19. The method of claim 18, wherein the CCF of at least 2, 3, 4, 5, 6, 7, 8, 9, 10 or at least 20 tumour-specific mutations and/or the CCF of at least 2, 3, 4, 5, 6, 7, 8, 9, 10 or at least 20 clonally distinct populations of cells of said tumour are estimated.

20. The method according to any one of the preceding claims, wherein said at least one tumour-specific mutation is selected from the group consisting of: a single nucleotide variant (SNV), a multiple nucleotide variant (MNV), a deletion mutation, an insertion mutation, an indel mutation, a translocation, a missense mutation, a translocation, a fusion, a splice site mutation, or any other change in the genetic material of a tumour cell.

21. The method according to claim 20, wherein the at least one tumour-specific mutation results in the mutated DNA encoding a neoantigen and/or wherein the at least one tumour-specific mutation is or encodes a target for an anti-cancer therapy.

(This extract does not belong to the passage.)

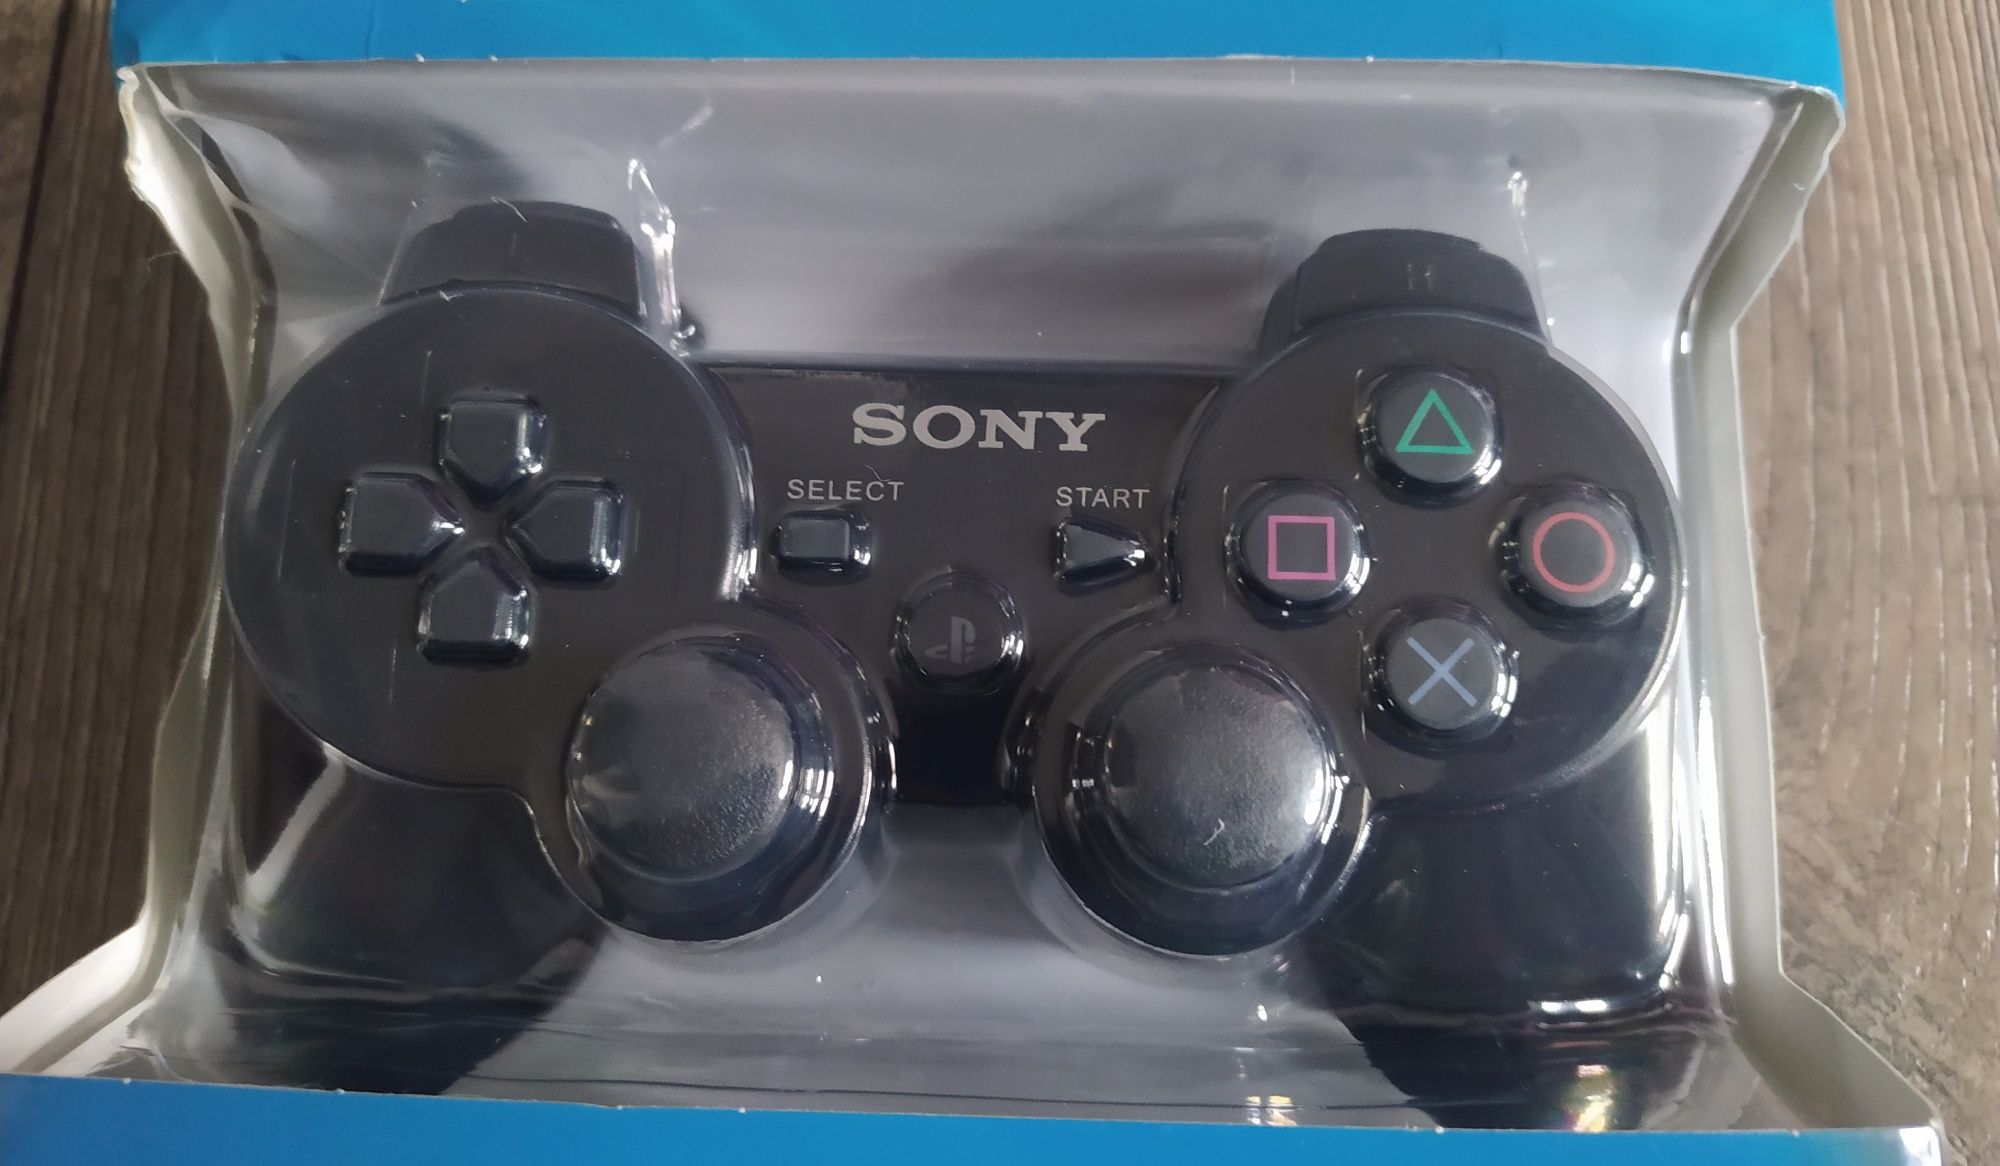 Pad PS3 Sony DualShock 3 Bezprzewodowy Nowy

22. A method for treating a subject having a cancer, the method comprising:

performing the method of claim 21, wherein the estimated CCF of the at least one tumour-specific mutation indicates that the tumour-specific mutation is present in the present in the tumour at a level sufficient to render the tumour-specific mutation an effective target for therapy; and

administering an anti-cancer therapy that targets said tumour-specific mutation.

23. The method of claim 22, wherein at least one of the following is true:

the CCF is estimated to be at least 0.3, 0.4, 0.5, 0.6, 0.7, 0.8, 0.9 or at least 0.95;

the CCF is estimated at at least two different time points and is found to be rising; and

the CCF is estimated before and after administration of said anti-cancer therapy and the CCF is found to be declining following said administration.

24. The method of any one of the preceding claims, wherein:

the tumour in the subject has, or is suspected of having, metastasized;

the subject has had treatment aimed at surgical removal of one or more tumours;

the subject has been treated with one or more anti-cancer therapeutic agents; and/or

the subject has a cancer which has relapsed or the subject is suspected to be at risk of cancer relapse.

25. A system comprising:

a processor; and

a computer readable medium comprising instructions that, when executed by the processor, cause the processor to perform the steps of the method of any of claims 1 to 14.

26. One or more computer readable media comprising instructions that, when executed by one or more processors, cause the one or more processors to perform the steps of the method of any of claims 1 to 14.